My first probability question :P
In how many ways can you choose a group of three people from a group of six?

Answer 1

(will type attempt in a bit)

Answer 2

\[\frac{n!}{r!(n-r)!}\]
so... seeing that this is a combination type problem, I have to use that formula
if I let n = 6 and r = 3, then

\[\frac{6!}{3!(6-3)!}\]
\[\frac{6!}{3!(3)!}\]
\[\frac{720}{36} = 20\]
so there's 20 different ways to choose a group of 3 from 6.

Answer 3

I think that's right???? I mean the combination formula is straight forward.

Answer 4

@agent0smith geez man...how long has it been since I saw you on OpenStudy?

Answer 5

can somebody help me on mines

Answer 6

oh yeah like posting your question on mine will help smh.

Answer 7

that seems right
"In how many ways can you choose a group of three people from a group of six?
"
There is 6 ways to choose the first
There is 5 ways to choose the second
There are 4 ways to choose the third
and then we need to figure out how we can arrange the 3 objects so the above product over 3!

\[\frac{6 \cdot 5 \cdot 4}{3!} \text{ which is the same as } \frac{6 \cdot 5 \cdot 4 \cdot 3!}{3! \cdot 3!} =\frac{6!}{3! \cdot 3!}\]

Answer 8

ah thanks.

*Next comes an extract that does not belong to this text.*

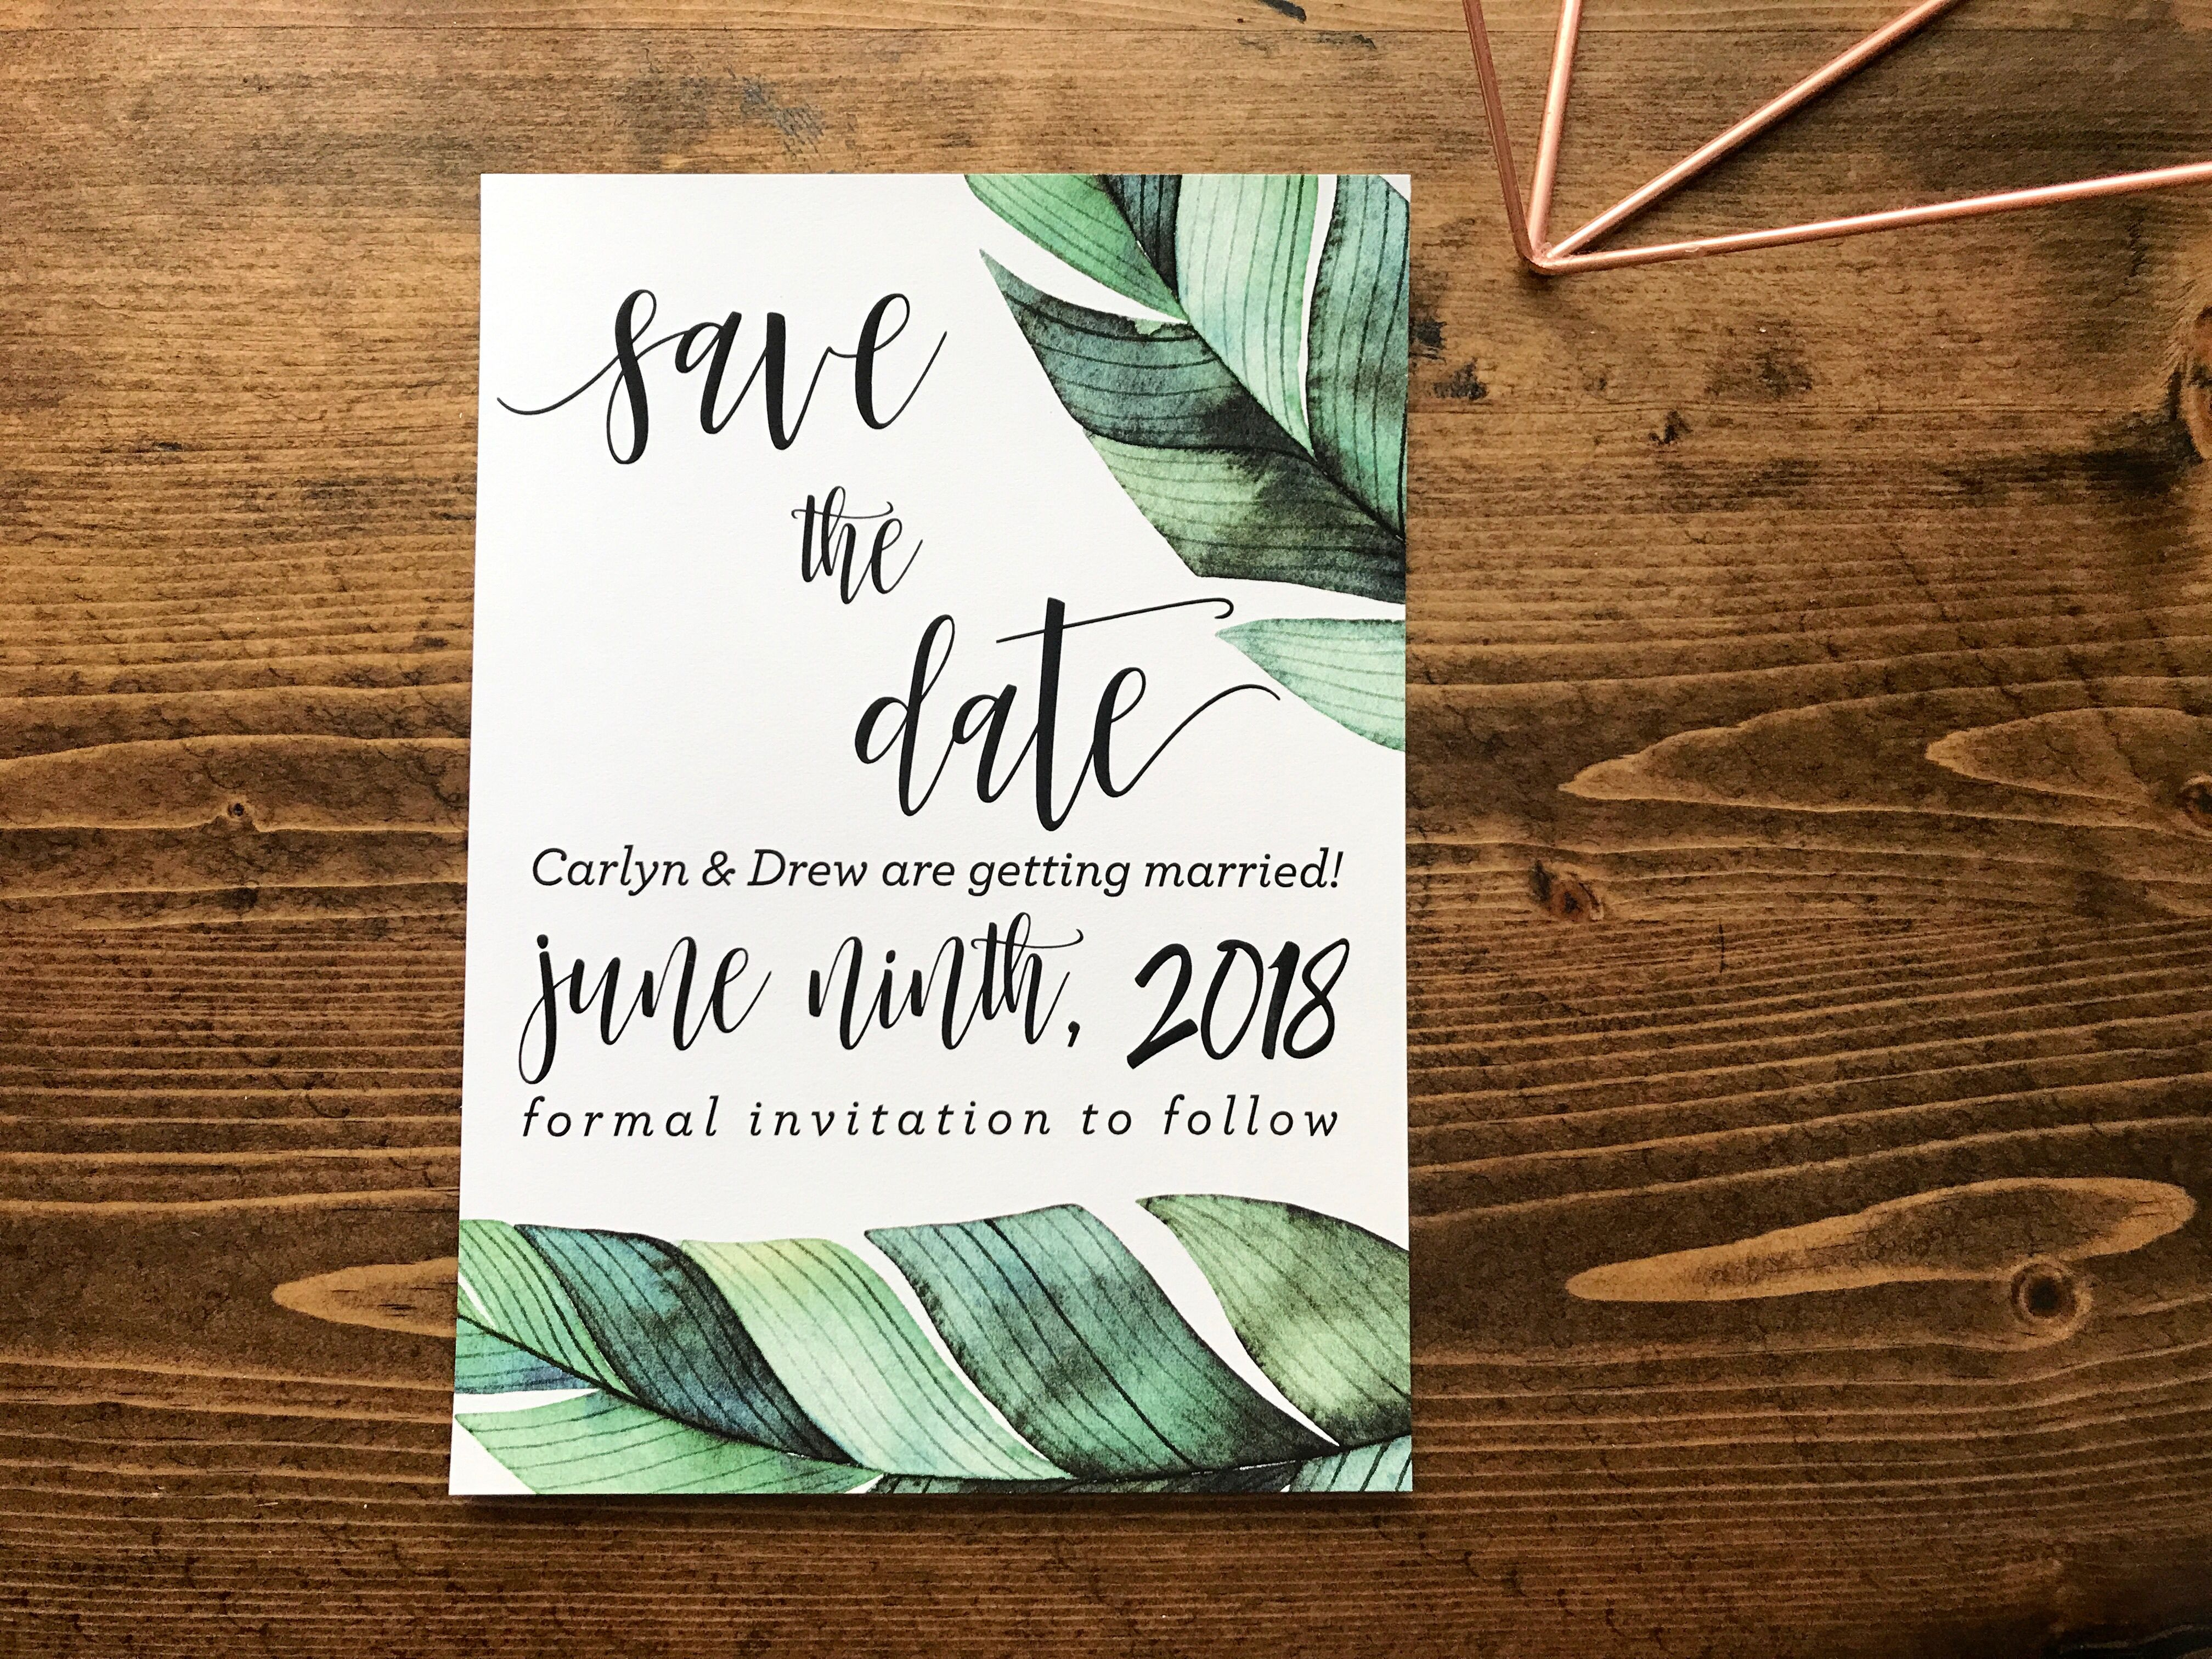 Printable Invitations Stationery u0026 Custom Designs by

I haven't touch probability in forever which is why I'm shaky at it.

Answer 9

I can understand why you would be shaky. It is hard to count especially when the numbers get really big.

Answer 10

And the orders get crazy.

Answer 11

yeah... but I haven't even touch this subject at all. xD! Apparently Discrete Math has this... >_<

Answer 12

so it will be like
6! = 6 x 5 x 4 x 3 x 2 x 1
over 3! = 3 x 2 x 1

and at least the 3 x 2 x 1 cancels
6 x 5 x 4 / 3 x 2 x 1 = 120/6=20.. ah I see ...